I like this, especially after reading the Heal entry again. It talks about "using first aid" to grant that save. If it's used in this way, it definitely suggests something nasty is going on with that net such as barbs, as you say. I like the fiction generation aspect of its use in this case. Arguably, they could even make the check on themselves though I think the rules are against me on that point.
It's like that spot on your back that you just can't scratch.
Because of complaints from people who could only take the term "prone" literally, later versions of the gelatinous cube were made immune to being knocked prone. Fine, that works too, it's just a tad overly simulationist for me.
If the xivort net caster was as iconic as the gelatinous cube, I imagine its power would have been scrutinized more closely and changed to "escape ends." But "save ends" does make sense, without too much additional thought.
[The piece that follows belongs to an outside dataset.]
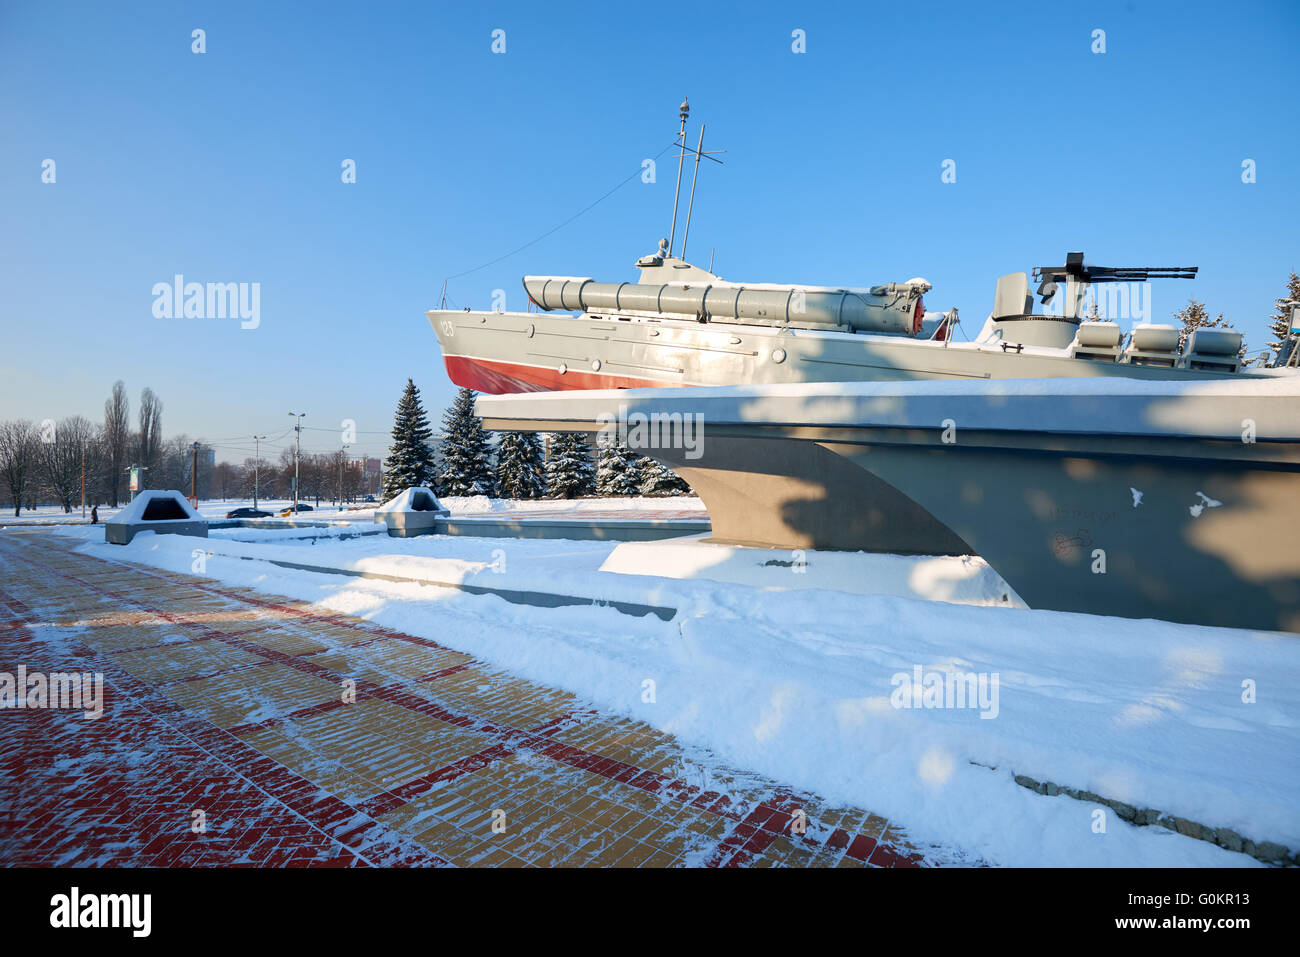 KALININGRAD, RUSSIA - JANUARY 21, 2016: World War II memorial Torpedo boat Komsomolets. Work of sculptor Morgunov in 1978 Stock Photo

Really, it's just a matter of wanting it to make sense, and being willing to think of it in another way. "Net" can mean more than one thing.
Edit: Nope, that doesn't seem to be it, either. I could swear there was a condition like immobilized that specifically prevented a character from attacking.
I'm not aware of any standard conditions that prevent the victim from attacking, aside from Unconscious. Any individual power might have a 'can't attack' clause on it, though.
Well, the memory I have of it is from the first time I sat down with the PHB and looked at the conditions, so it's very likely faulty.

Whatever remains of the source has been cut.